Download or read book The French Imperial Nation State written by Gary Wilder and published by University of Chicago Press. This book was released on 2005-12 with total page 417 pages. Available in PDF, EPUB and Kindle. Book excerpt: France experienced a period of crisis following World War I when the relationship between the nation and its colonies became a subject of public debate. The French Imperial Nation-State focuses on two intersecting movements that redefined imperial politics—colonial humanism led by administrative reformers in West Africa and the Paris-based Negritude project, comprising African and Caribbean elites.
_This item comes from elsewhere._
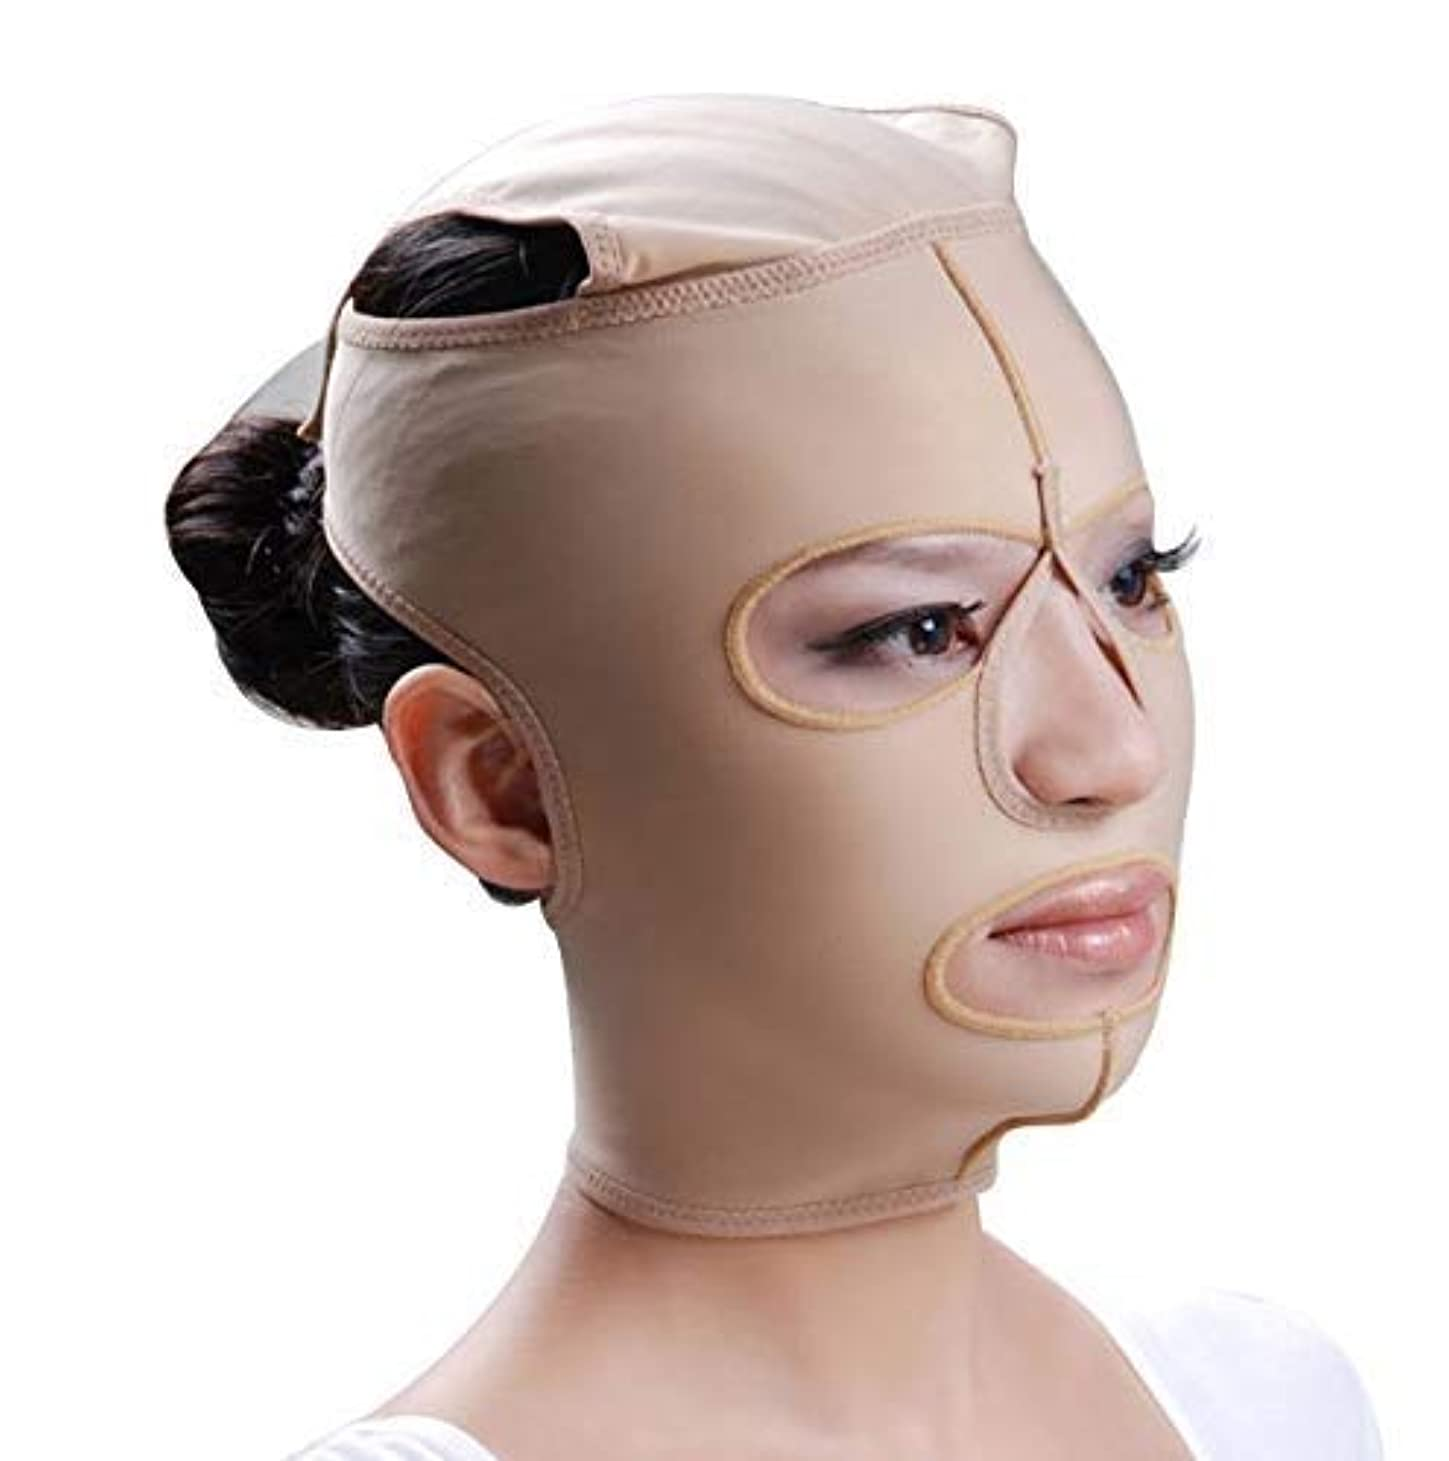 効果的に深める第九ファーミングフェイスマスク、フェイシャルマスク弾性フェイスリフティングリフティングファーミングパターンマイクロフィニッシングポストモデリングコンプレッションフェイスマスク(サイズ:S)

Gary Wilder develops a sophisticated account of the contradictory character of colonial government and examines the cultural nationalism of Negritude as a multifaceted movement rooted in an alternative black public sphere. He argues that interwar France must be understood as an imperial nation-state—an integrated sociopolitical system that linked a parliamentary republic to an administrative empire. An interdisciplinary study of colonial modernity combining French history, colonial studies, and social theory, The French Imperial Nation-State will compel readers to revise conventional assumptions about the distinctions between republicanism and racism, metropolitan and colonial societies, and national and transnational processes.